On ne me l'avait pas dit
Femme des années 80 ?
Michel Sardou évoque pertinemment cette complexité dans la chanson Etre une femme.
La bourgeoise Marie-Anne Delapierre, conférencière d’un soir, va le faire vivre, en public.
Elle a été invitée pour présenter sa lecture d’un essai au titre formidable : La femme hypertonique dans notre siècle naissant.
Mais … inévitablement, le speech dérape.
Véronique Gallo, professeur de français à Hannut, défend elle-même son texte sur les planches de la Samaritaine (et sur de nombreuses espérons le pour le plaisir des spectateurs).

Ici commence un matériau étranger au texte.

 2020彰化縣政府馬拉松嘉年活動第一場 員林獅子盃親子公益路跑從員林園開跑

Dans un seul en scène drolatique d’une petite heure, elle va évoquer sa vie de femme au XXIe siècle.
La wonderwoman de la couche pampers
Elle dresse le portrait sans concession (et pas piqué des vers) d’une wonderwoman de la couche pampers, d’une marathonienne des courailleries et d’un prix Nobel de patience.

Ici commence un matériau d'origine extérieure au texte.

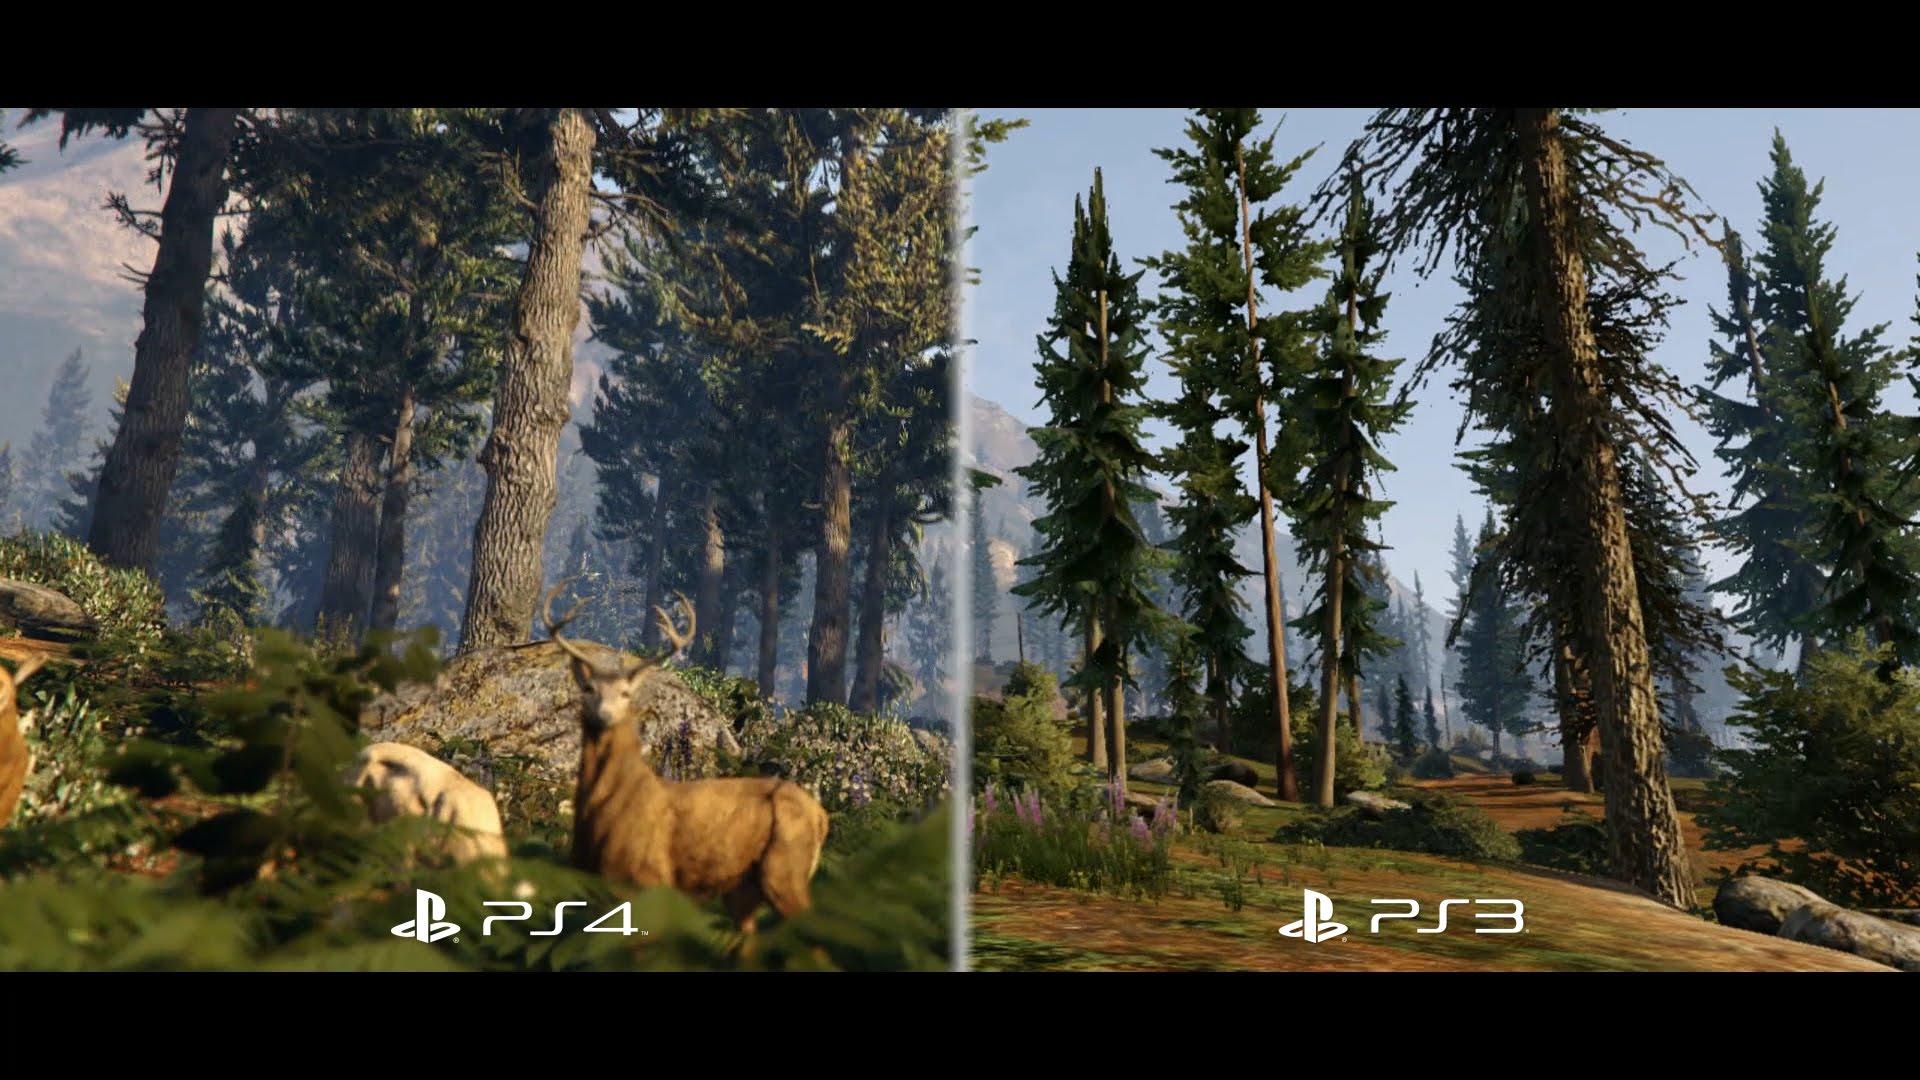 GTA 5 Vergleichsvideo zur PS3 und PS4 Version

Sa détresse psychologique est telle, qu’elle se sent flouée jusqu’au plus profond de son enfance.
Les valeurs qu’on lui a inculquées, les images reçues ne correspondent en rien à sa vie actuelle.

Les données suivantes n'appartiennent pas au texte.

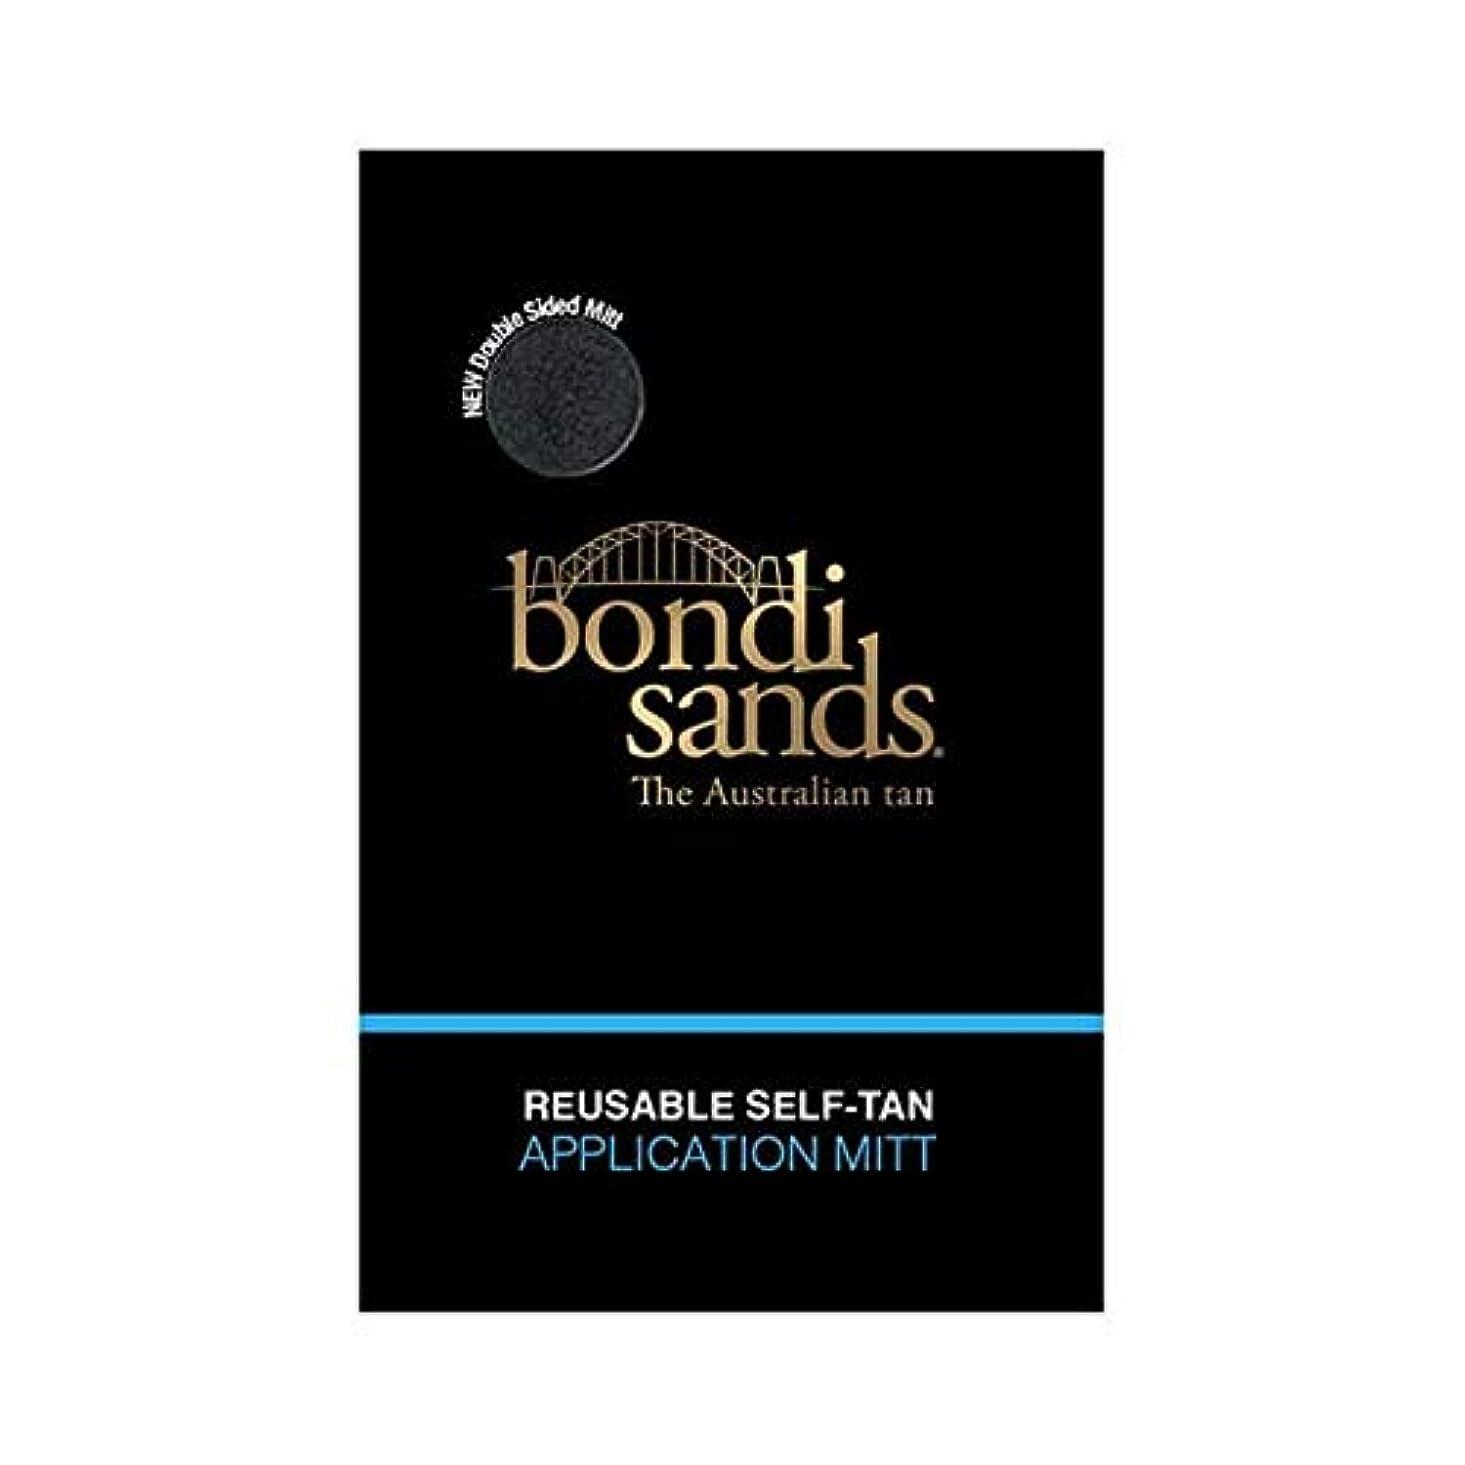 気晴らしおじいちゃん疑わしい[Bondi Sands ] ボンダイサンド自己日焼けアプリケーションミット - Bondi Sands Self Tan Application Mitt [並行輸入品]

Elle plonge dans ses souvenirs, dans les représentations qu’on lui a imposé de la féminité maternelle pour en ressortir Barbie et Ken, idéalement minces, jamais fatigués, qui ne connaissent ni les legos traînant partout, ni la joie des chamailleries de Skip et Skimmer leurs charmants bambins pour trois centimètres d’accoudoirs pendant tout un trajet en voiture.
Elle redécouvre la télévisuelle image idéalisée et rose bonbon de l’amour filial, du rôle d’une mère aimante transmise par la petite maison dans la prairie et sa célébrissime famille Ingalls.
Sans oublier naturellement tous les préceptes soigneusement inculqués par Maman, tout y passe, pour faire ressentir son drame intime.
On ne me l'avait pas dit !
Flouée, désespérée, elle flotte dans ce costume trop large, écrasée par ce carcan trop lourd à porter.
Elle se perçoit comme une ménagère popote coincée entre trois garçons qui ne s’entendent que pour les bêtises et un mari trop absent (au moins en esprit).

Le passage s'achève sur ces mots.